What English Grocery Lists Actually Looked Like In The 1600s

If you were to travel back in time to the 1600s, how would you explain modern life to everyone? How could you explain what the Internet is to a Puritan colony? Would you be able to explain what fast food is to a German monarch? While no doubt a lot of our modern-day tools and inventions may be too elaborate to explain without sounding insane, it would be untrue to say that the people of the 1600s were primitives. In fact, under the surface of bygone traditions and antiquated ideas, the people of yesteryear took part in very similar pastimes that we still do today.

Individuals in the Elizabethan Era enjoyed a variety of sports and entertainment, whether it was the wealthy going to the opera or the lower classes enjoying a selection of card and board games, via World History. Taverns were also common sights in English cities, as beer and ale were not only popular parts of a full English diet but also reportedly safer to drink than water, via Historic U.K.

There were even grocery stores in the 1600s as well — albeit a bit different than what we're used to.

A grocery order was found in an old house

While the people of 1600s England couldn't exactly hop into their cars and drive to their local grocery store for some milk as we do, they still needed a place to purchase food.
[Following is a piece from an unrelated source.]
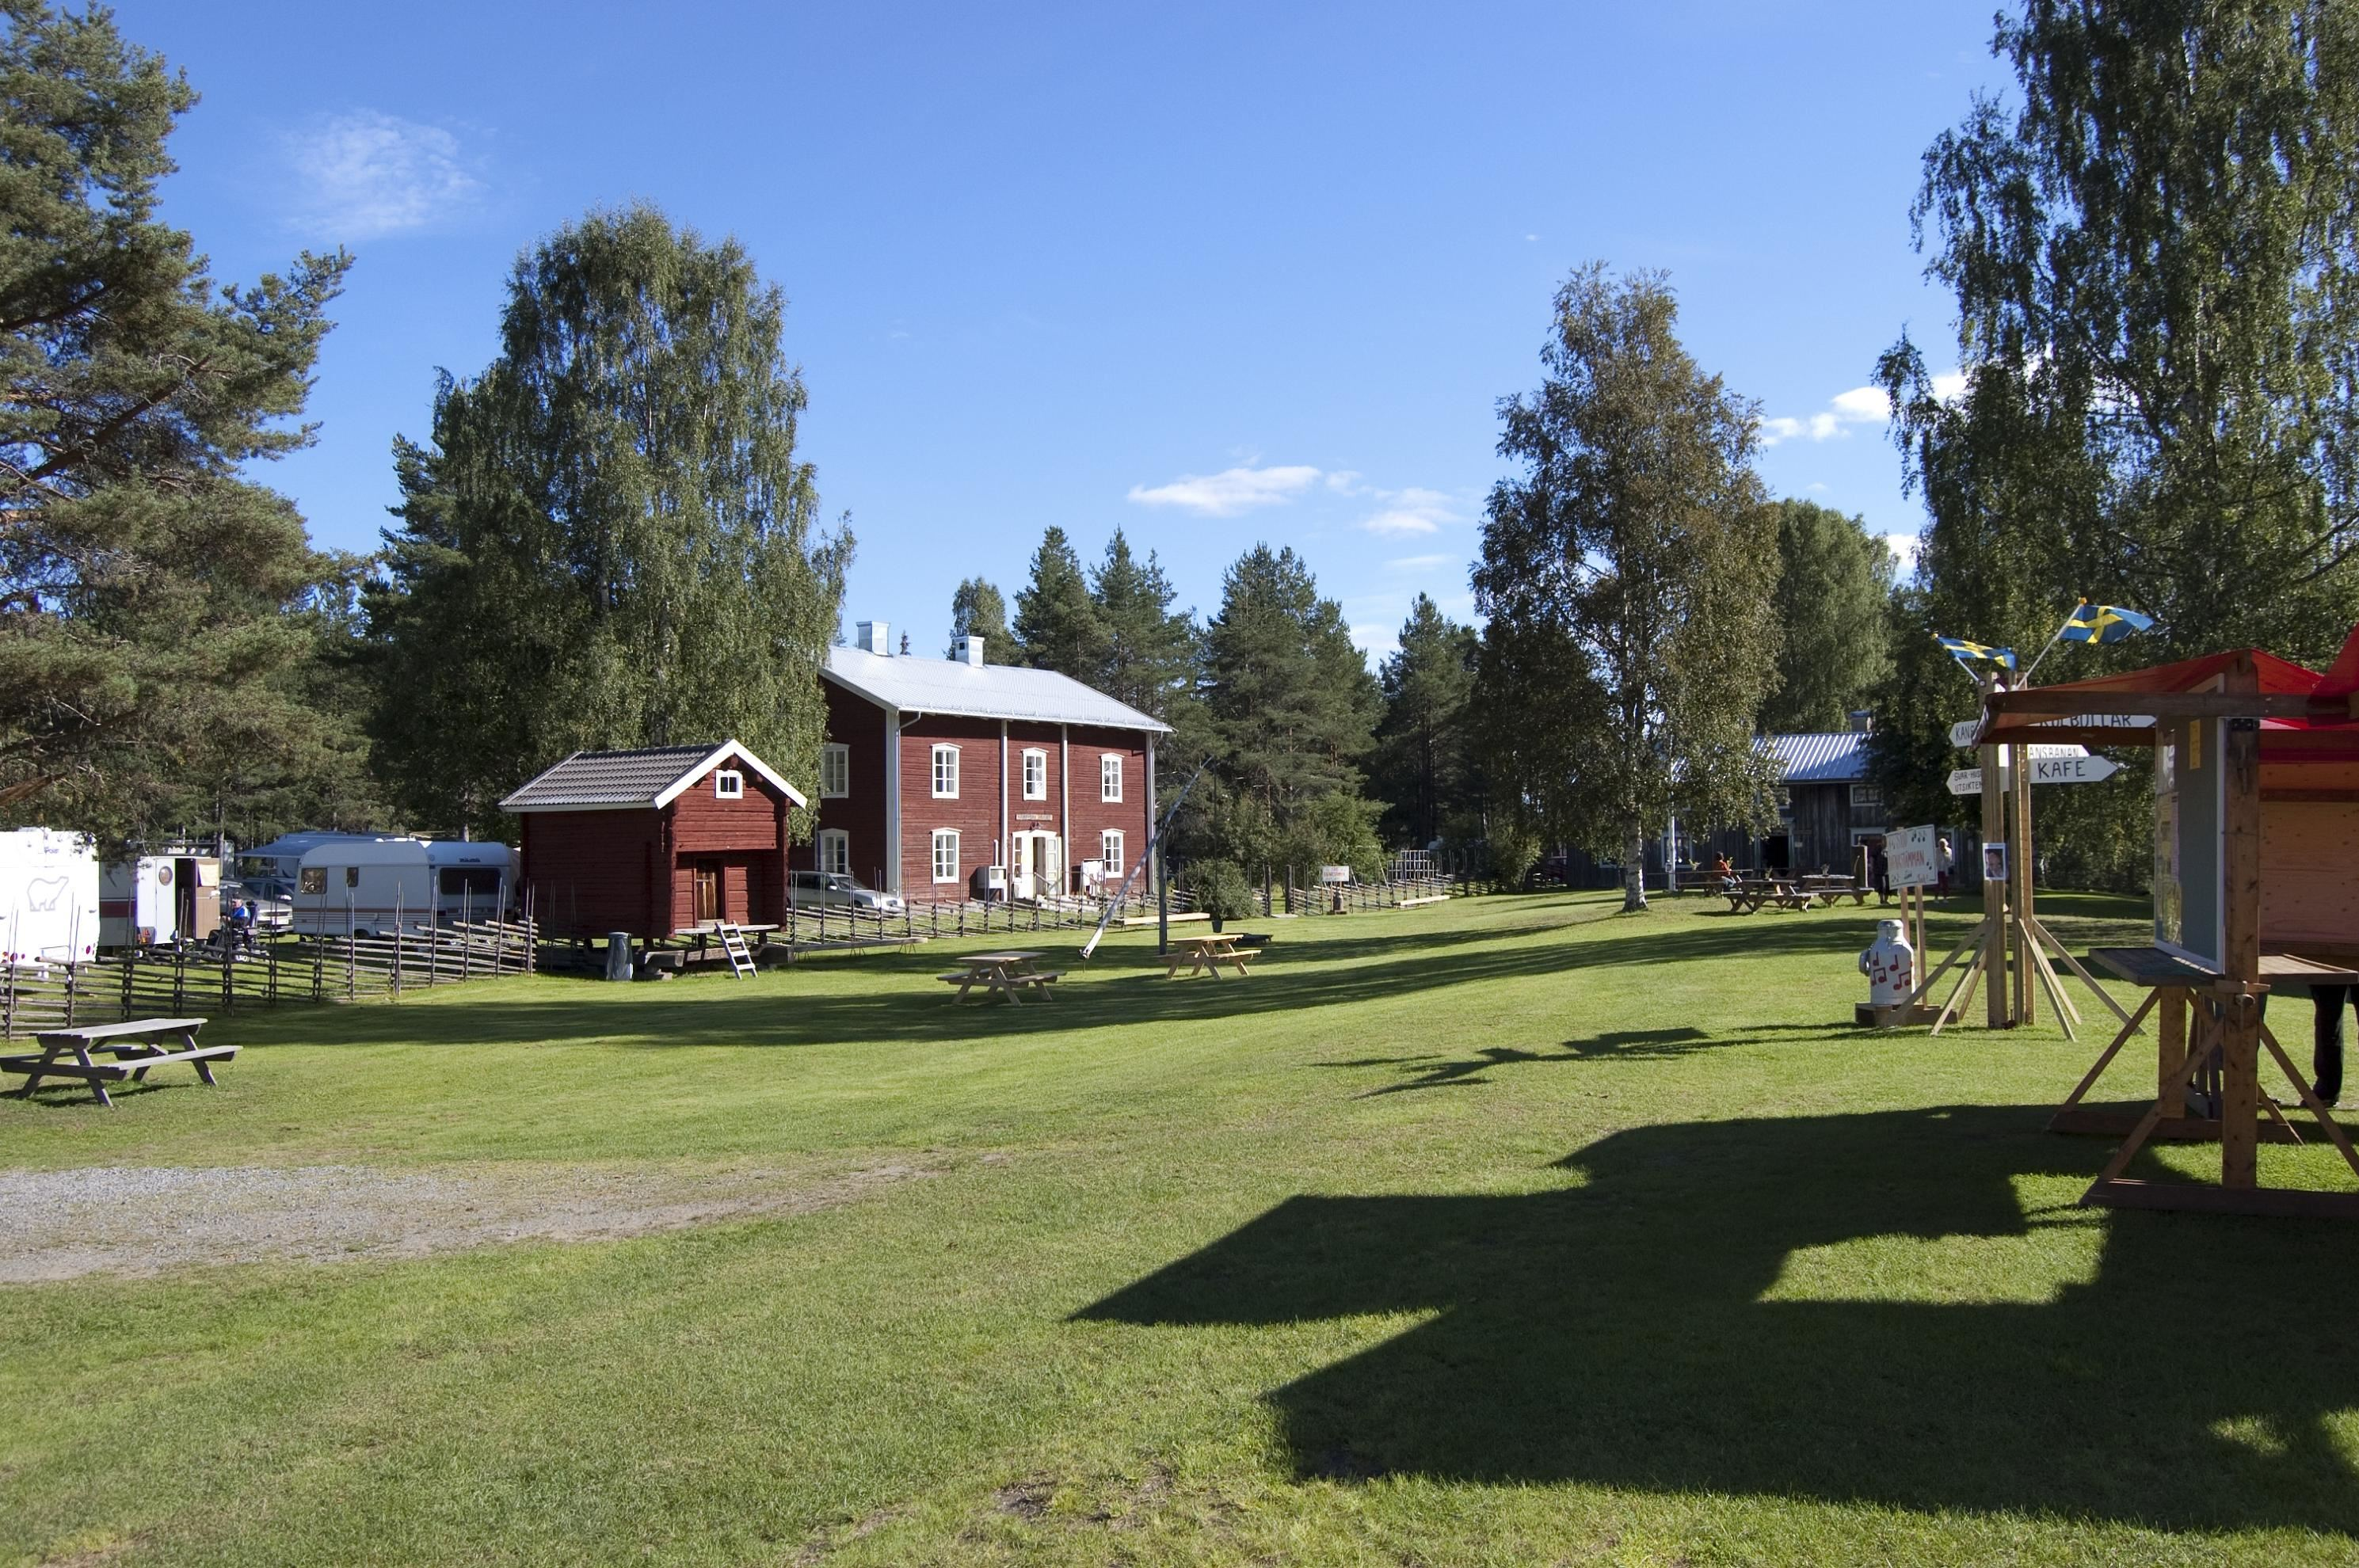 Ramsele Hembygdsgård

It was during a renovation project on Knole, a historical home in Kent, England, Smithsonian Magazine tells us, that a volunteer by the name of Jim Parker discovered what appears to be a grocery list hidden under the floorboards of the attic.

The shopping list is described as being "beautifully written," albeit a bit hard to understand considering the antiquated type of spelling and the use of old-fashioned terms. While we may not have much use for a "greate fireshovell" today, the grocery list seems to request common items like unsalted cod (called "Greenfish"), pewter spoons (a type of spoon made with pewter instead of tin or silver, via The Pewter Society), and a frying pan. In short, the grocery list is simply an order for food and home appliances — not too dissimilar from what we would usually get on trips to Walmart or Target. Of course, we may not be buying unsalted cod and a lot of candles, but the idea still stands.

But if this is what a shopping list was like back in the 1600s, what did a grocery store at the time even look like?

Increased trade meant more goods for grocers

To say that there weren't any shops selling food or goods before the 1600s would be untrue. A butcher shop that opened in 1515 is still open today after more than 500 years of good business, via ABC News, so it's not like the grocery store was a completely revolutionary idea. But it was during the 1600s that new goods, acquired from expansion and exploration, began to fill the shelves of shops catering to the rich and the poor.

Jon Stobart, in his book "Sugar and Spice: Grocers and Groceries in Provincial England," examines how grocers of Medieval England were able to sell their customers a large range of exotic spices even in the 15th century. As the 15th century progressed into the 16th century, grocers got access to many more non-perishable goods, such as tobacco, spices, sugar, and dried fruits. While today you could grab a bag of sugar and a pack of cigarettes from a corner store without any fanfare, the introduction of these products on grocery shelves was a sign of an increased focus on globalization and stronger supply chains. No longer were grocery stores chained to selling local goods, but they could sell sugar and tobacco grown from far-off continents.

This would also mean that grocery stores were beginning a shift away from the medieval ideas of business and laying the groundwork for what would become modern (or at least more familiar) business and economic practices.